M. De Maistre nous semble avoir expliqué qu’imparfaitement et à demi l’infaillibilité, sous le point de vue théologique. « L’infaillibilité dans l’ordre spirituel et la souveraineté dans l’ordre temporel sont, dit-il (1), deux mots parfaitement synonymes ; l’un et l’autre expliquent cette haute puissance qui les domine toutes, dont toutes les autres dérivent, qui gouvernent et n’est point gouvernée, qui juge et n’est point jugée.»
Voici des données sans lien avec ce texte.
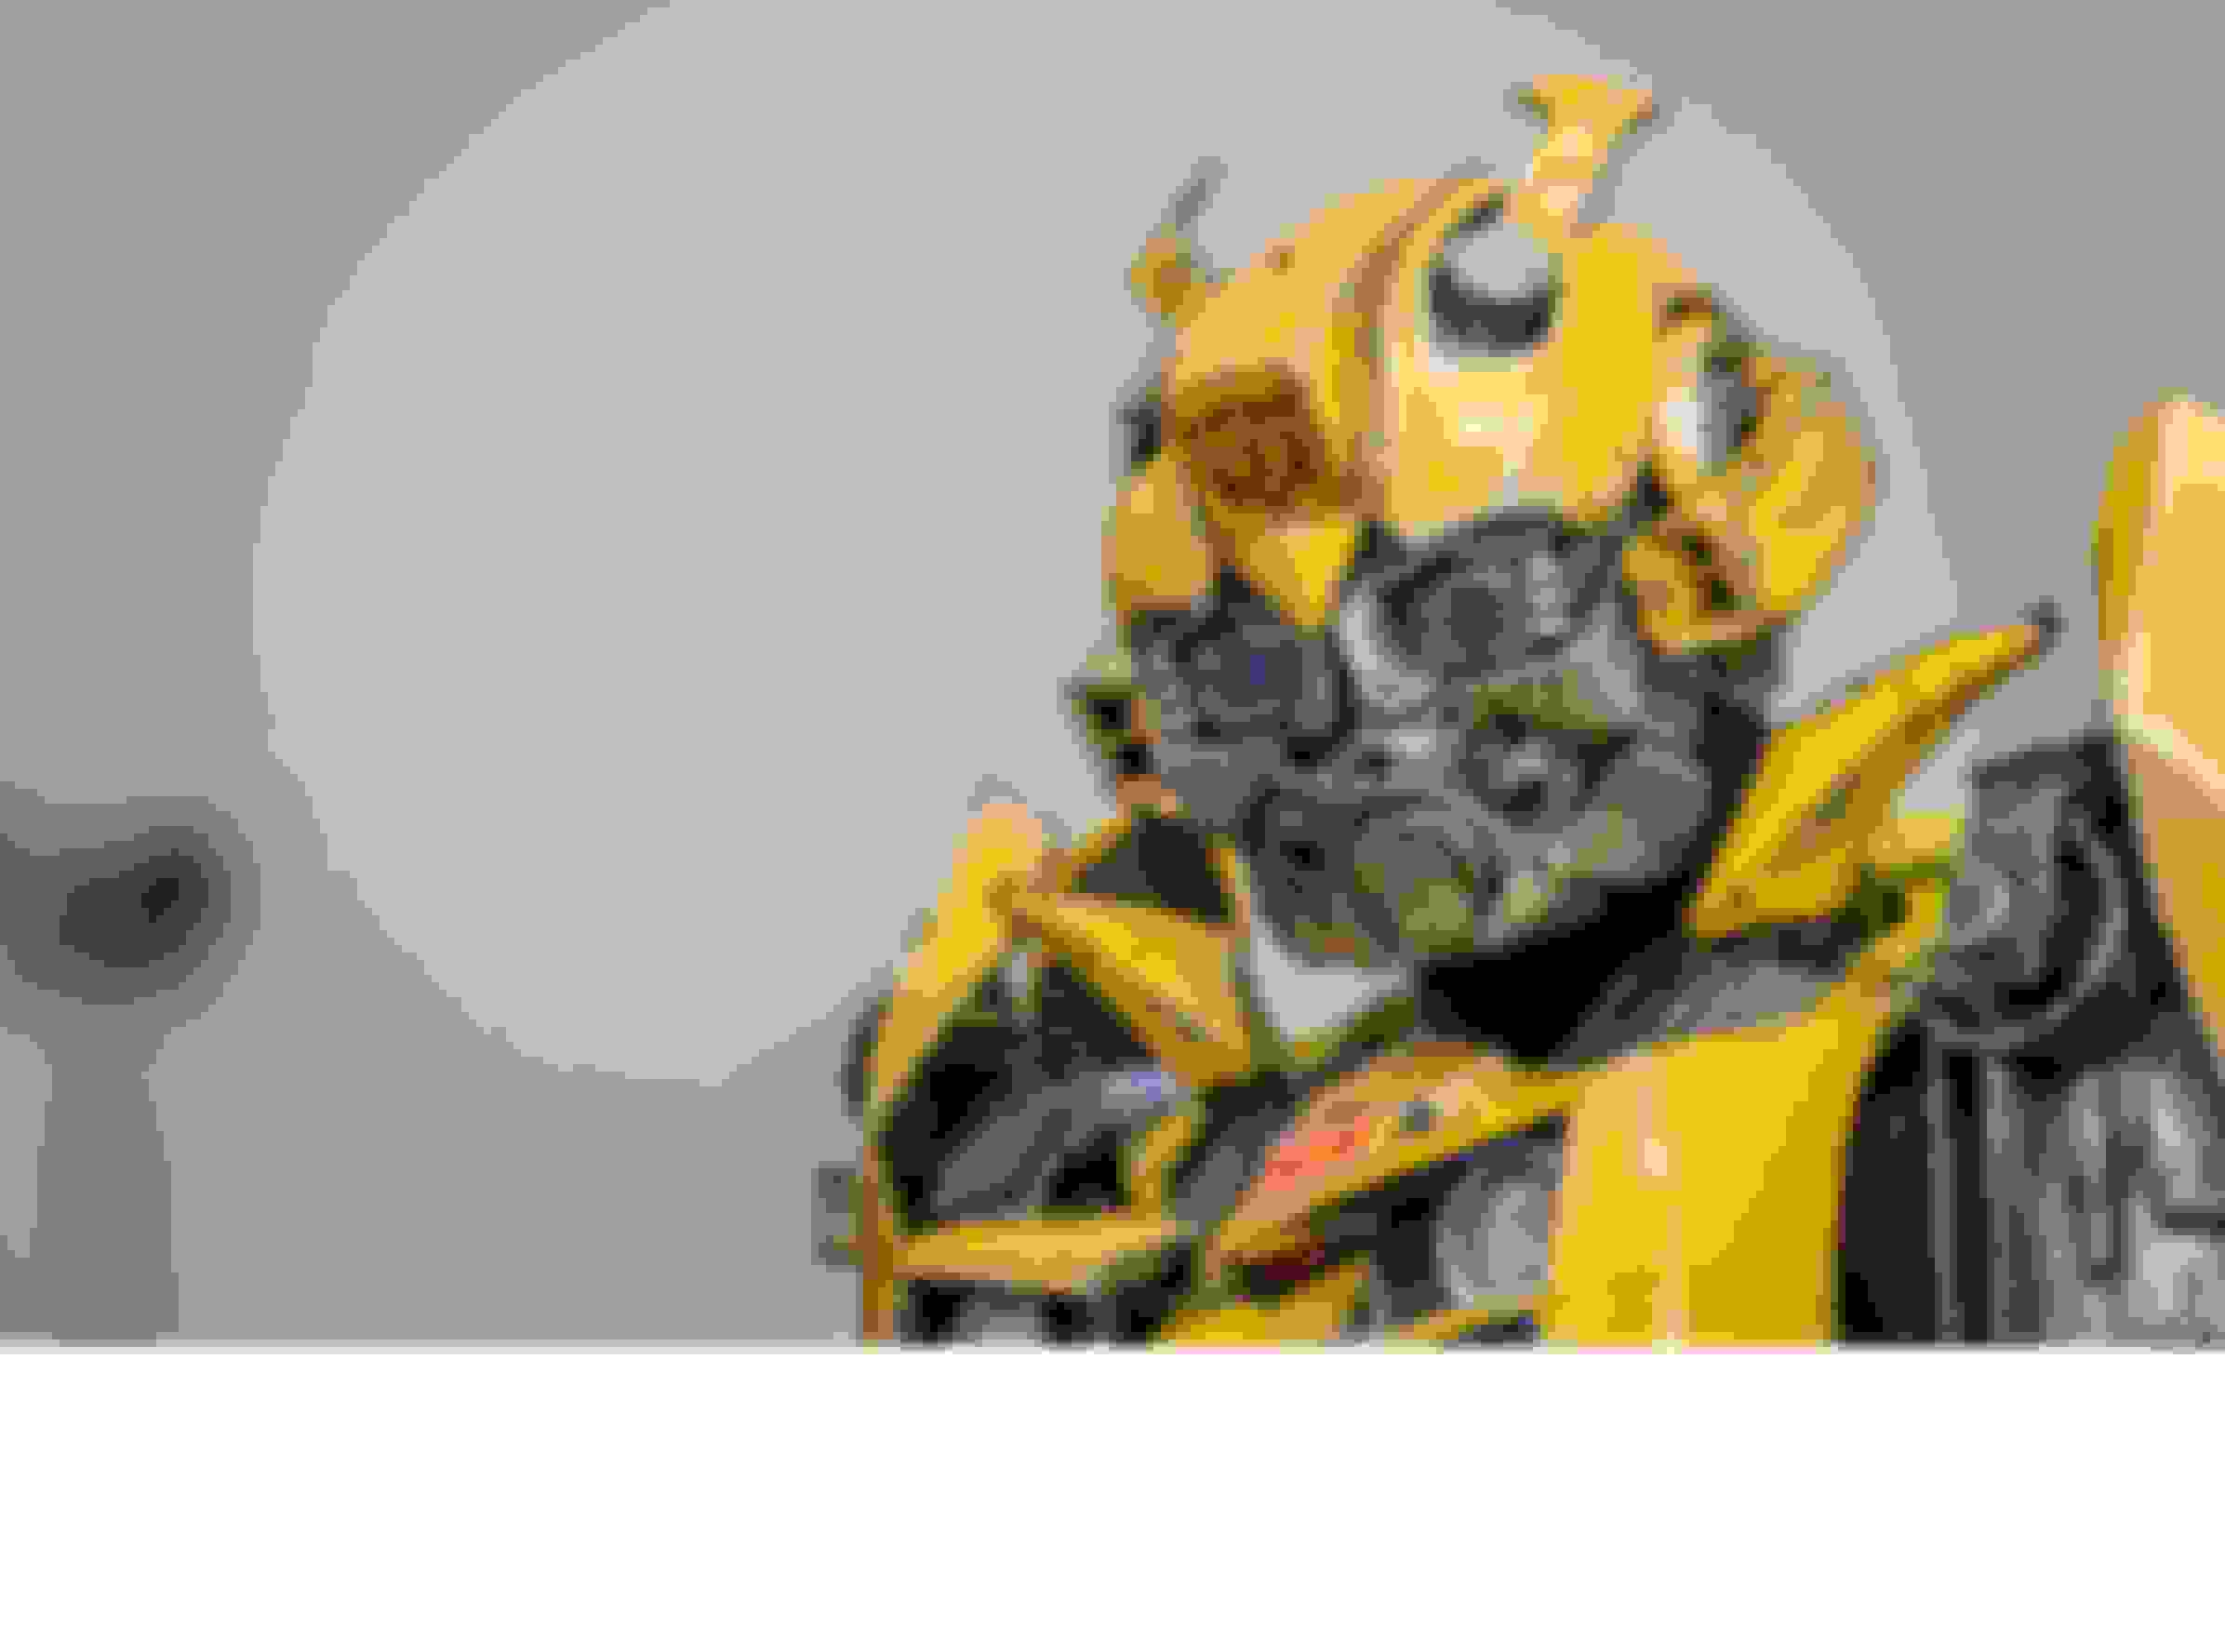 Bumblebee Transformer Robot
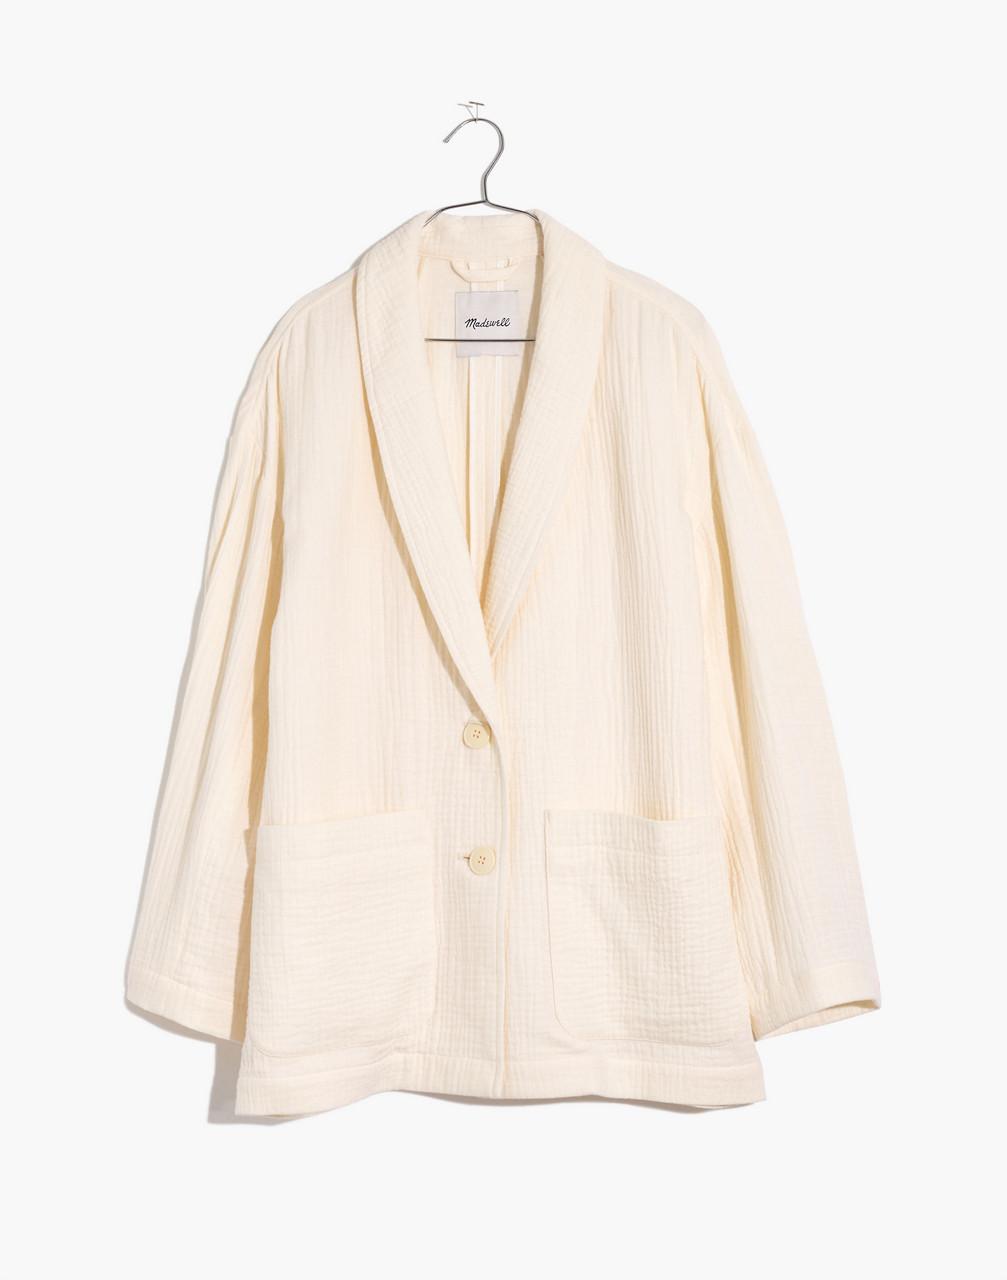 1920s Coats, Furs, Jackets and Capes History Plus Lightspun Dorset Blazer $138.00 AT vintagedancer.com

Cette prétendue synonymie, cette identité n’est pas réelle. L’infaillibilité est plus que l’absolutisme, que la puissance suprême, qui ne connait point ici bas de supérieurs. Cette indépendance, ce droit de commander en maître, de juger sans contrôle et en dernier ressort, entrent sans doute dans l’infaillibilité ; mais ce n’est pas là précisément ce qui la constitue.
L’infaillibilité est la faculté, soit intrinsèque et essentielle comme dans Dieu, soit de privilège comme dans l’Eglise, de ne pouvoir errer. Le droit d’imposer une décision en découle, mais il en est distinct, comme une conséquence de son principe. La souveraineté tire sa force de l’infaillibilité ; toute puissance qui n’est pas infaillible, n’est pas absolue; car ses arrêts, de fait ici-bas irréformables, sont sujets, s’ils sont iniques et faux, à être annulés ou par un législateur plus éclairé, ou par la vérité qui juge au ciel. Au contraire, la puissance infaillible n’est en aucune manière subalterne et subordonnée; elle se confond avec l’autorité de Dieu, avec sa véracité qui prononce par un organe humain.